Che ricordi ha di ciò che succedeva fuori dall’aula?
«Un’ascensione dolomitica organizzata da mio cugino e compositore Bruno Bettinelli a Cortina d’Ampezzo, a cui partecipò anche il diciassettenne Maurizio Pollini. Davanti a una parete di venti metri, mentre la guida ci raccomandava la massima cautela, vedemmo Pollini salire velocissimo e poi guardarci dall’alto in modo ironico. E in questa sua impresa c’è un richiamo ai suoi concerti, che davano l’impressione di imprese mitiche. Con il giovanissimo Claudio Abbado giocavamo a ping-pong e persino ai quattro cantoni a mezzanotte in una Piazza del Duomo deserta. Di Muti invece rammento la cena d’addio al celibato, che ha svelato il suo inesauribile humour».
A un certo punto il maestro Antonio Beltrami vi mette a suonare insieme, lei e Canino. Come andò?
«In un bellissimo pomeriggio suonammo a quattro mani Ma Mère l’Oye di Ravel. Ci stupimmo per l’intesa perfetta che rivelava un’armonia prestabilita e poi eravamo voracissimi di musica, sempre in biblioteca a scovare spartiti. Accanto a Verdi, Puccini e Wagner, Petrassi, Dallapiccola, Casella, Malipiero, Ghedini.
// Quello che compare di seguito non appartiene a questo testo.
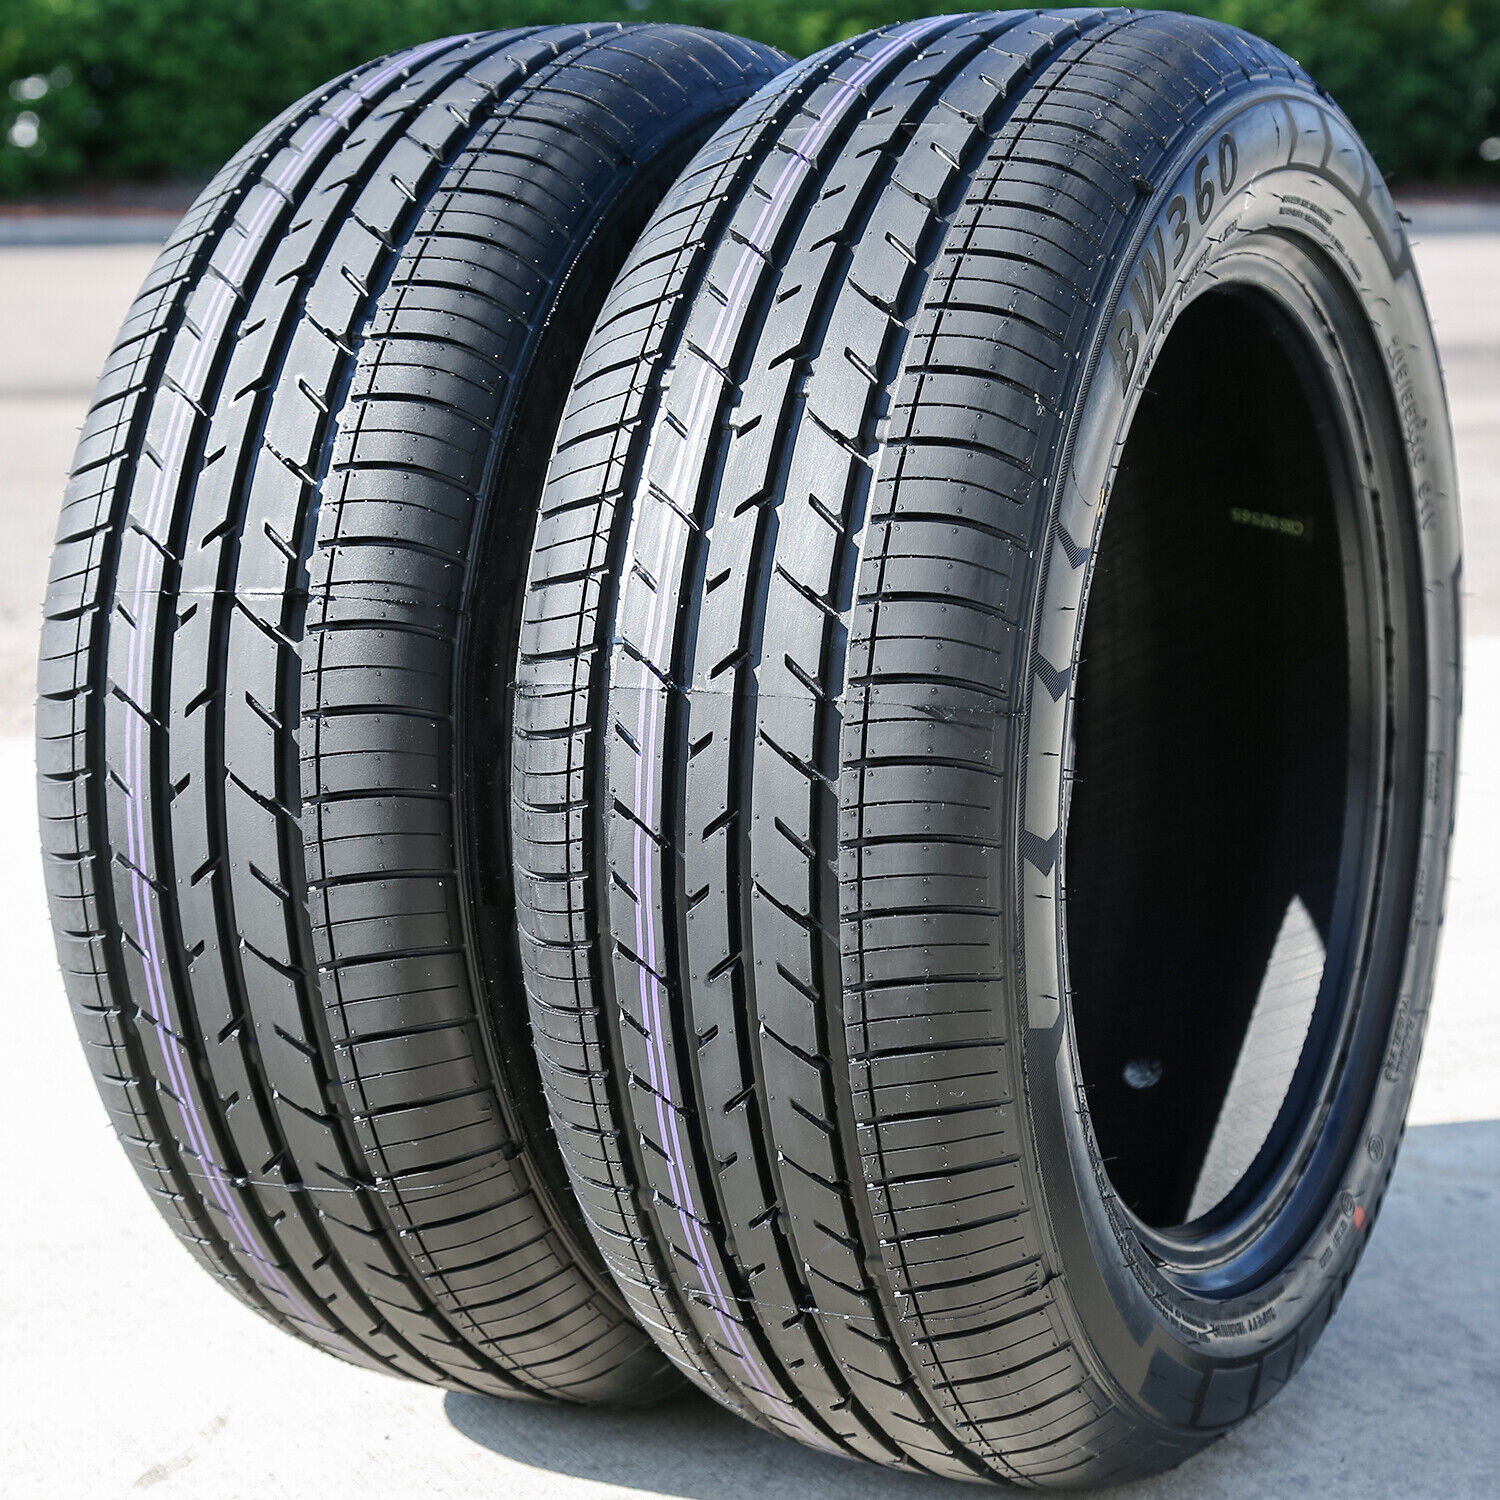 2 Tires Bearway BW360 205/55R16 91V AS A/S Performance
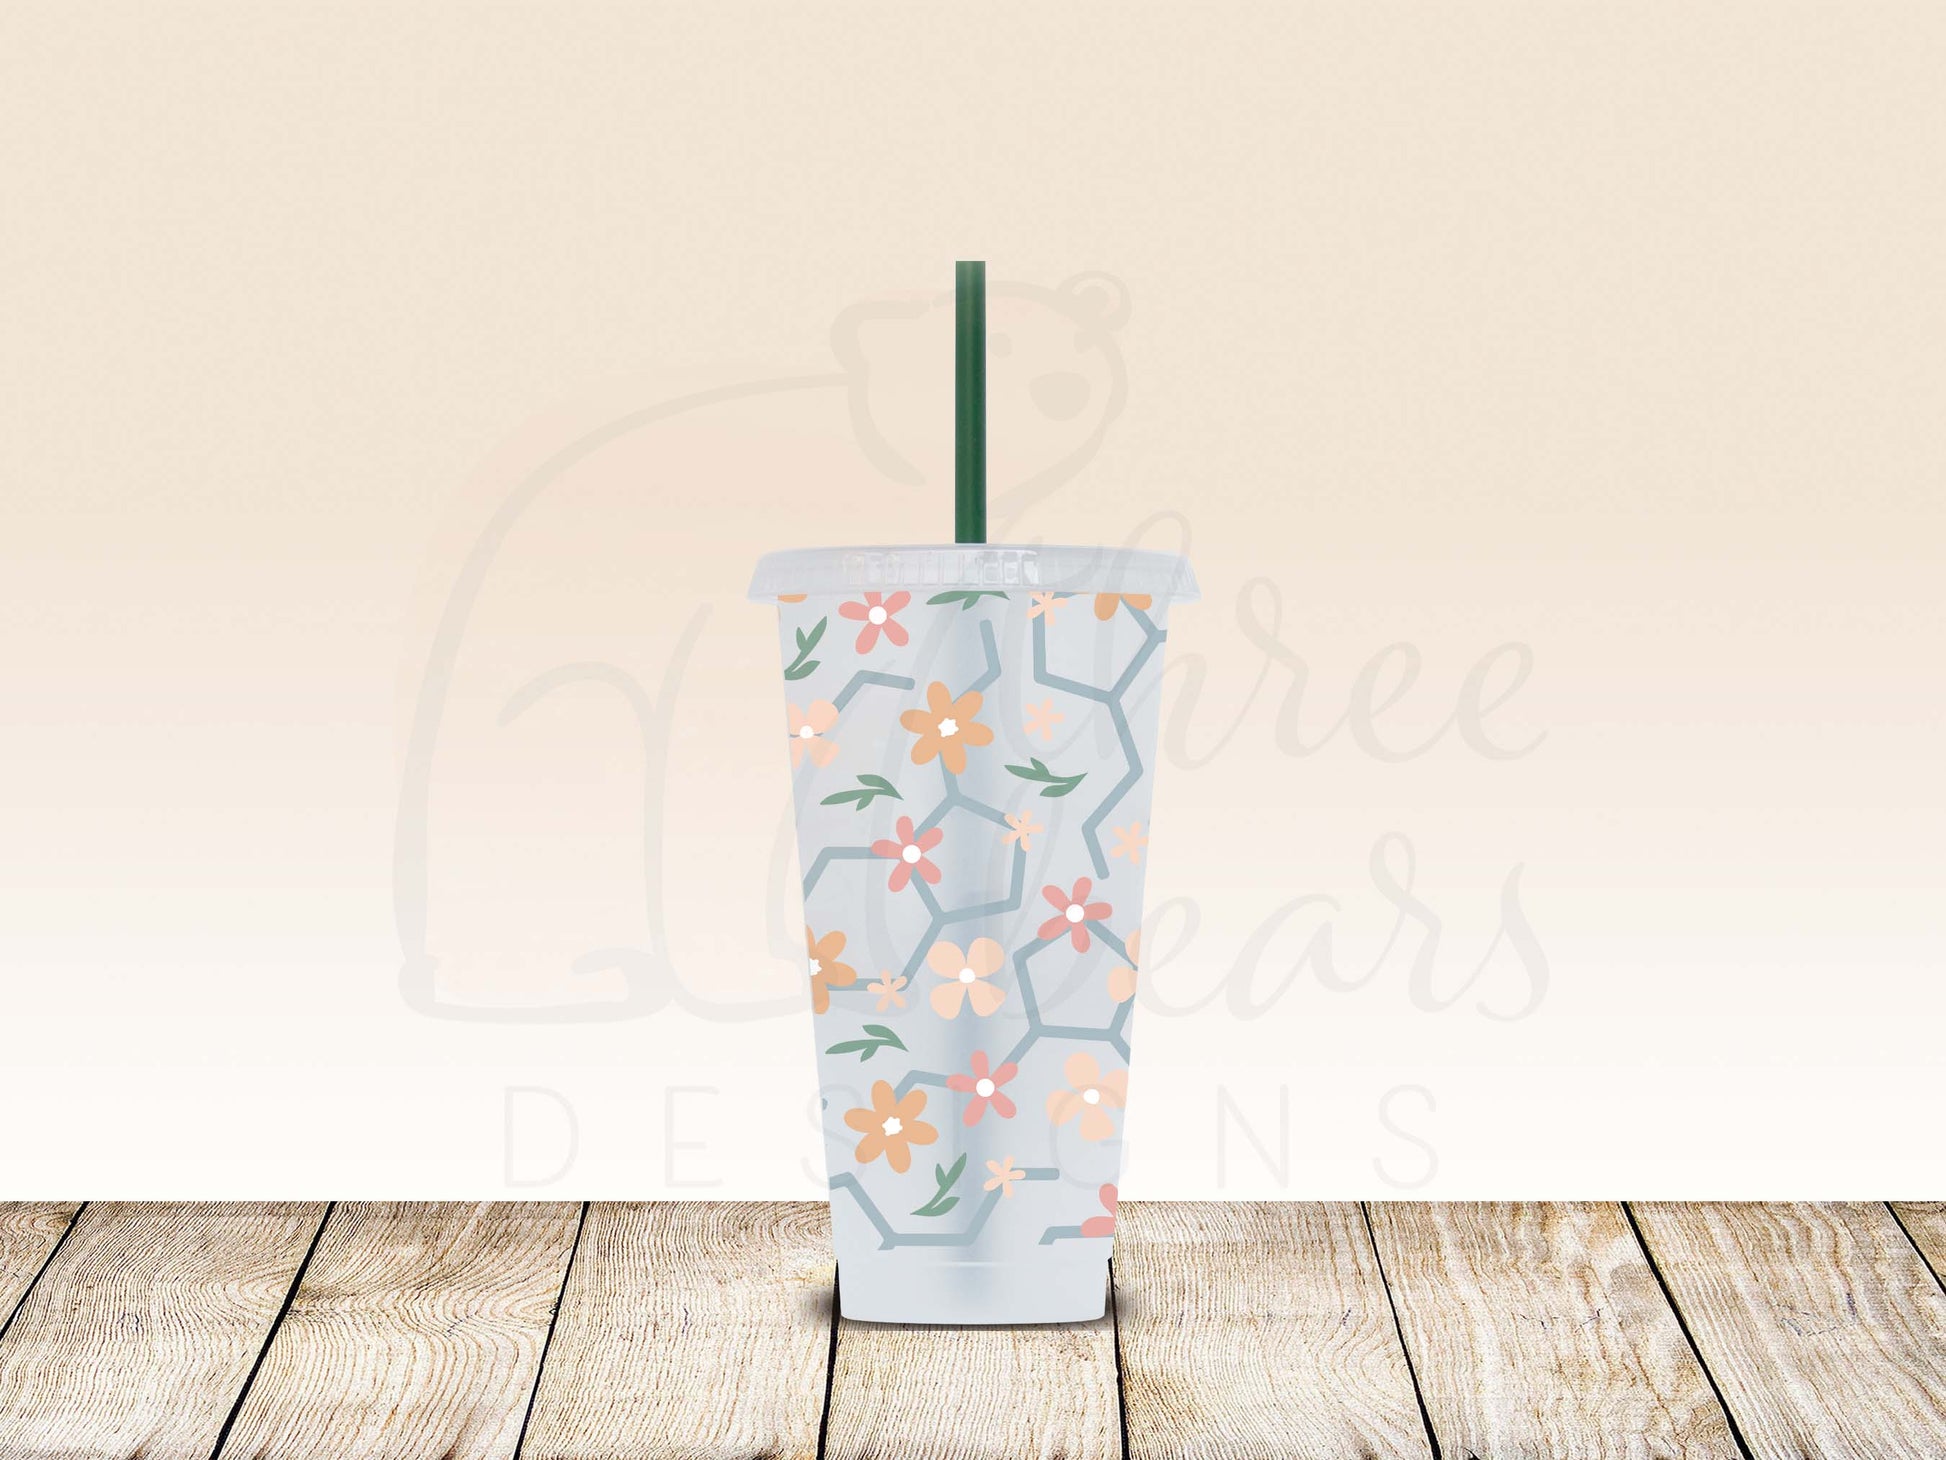 Did someone mention a straw? That's right: the 24oz Cold Tumbler

Poi l’avanguardia di Stockhausen, Berio, Ligeti, Boulez e Cage che stava aprendo le porte dei teatri grazie alla nascente Neue Musik, diffusa dalla roccaforte di Darmstadt».
C’era diffidenza delle società a proporre programmi diversi.
«Sì, siamo stati tra i primi a eseguire le trascrizioni che non erano ben viste, per un residuo troppo scrupoloso verso la volontà dell’autore: ad esempio la Nona di Beethoven trascritta da Liszt per due pianoforti e Le Sacre du Printemps di Stravinskij nella versione dell’autore a quattro mani».
Nel frattempo, sdoganava la musica più leggera.
«A Parigi, lavorando con Boulez per Structures trovai in un negozio lo spartito di Ragtimes di Scott Joplin. Rimasi folgorato dalla freschezza zampillante di quelle note, come il dandy nero che porta il cappello di paglia sulle 23. Era pur sempre la musica di un popolo oppresso, ma sembrava voler bandire la tristezza».
Poi è venuta la riscoperta della canzone.
«C’è chi crede che la profondità in musica debba esprimersi in strutture complesse e che la facilità si identifichi con la banalità. Se questo fosse universalmente accettato, dovremmo buttare via metà della musica classica occidentale».
Far musica per lei è stato anche lavorare con grandi attori.
«Con Paolo Poli ho avuto un sodalizio trentennale, ma anche con Calindri, i Servillo, Guerritore e Vukotic, insieme ai quali ho soddisfatto il mio amore per il melologo. Una delle mie più insolite collaborazioni è avvenuta per la produzione scaligera del Matrimonio di Musorgskij su regia di Peter Ustinov, per l’occasione pure attore. Ero pianista e attore, come marito di Franca Valeri e innamorato di Ottavia Piccolo».
Come vede alla distanza il lungo legame con Battiato?
«Oltre che un’amicizia di rara intensità è stata un’occasione di arricchimento interiore. Ci accomunava la ricerca sull’esoterismo di Gurdjieff e l’interesse per la pittura. Ammiro tantissimo i suoi Arcani Ritratti e sono onorato che abbia scelto alcuni miei disegni per le copertine dei suoi dischi».
A proposito di pittura, lei dice di preferire una mostra all’andare a un concerto. Una boutade?
«No, è che l’immenso amore per la pittura come autodidatta mi accompagna da una vita, tra mostre e musei. Le mie acqueforti sono visibili a Vienna e alcune opere in una collezione a Volos, in Tessaglia. Bussotti (il compositore, ndr) ha riscontrato affinità nascoste tra la mia pittura e il modo di esprimermi musicalmente, ma per me si tratta solo di una sana schizofrenia».
Sentendola parlare, l’ironia resta un tratto caratteristico.
«Sì, persino quando racconto le vacanze passate insieme a Bruno e alle nostre famiglie, su viaggi a tema. Una volta pretendemmo di esaudire il rococò bavarese con il divieto assurdo di soffermarci su qualsiasi altra opera. A Regensburg però, scoprimmo che le nostre mogli uscivano apposta di nascosto dall’hotel per vedere anche la famosa cattedrale gotica. Uno spasso».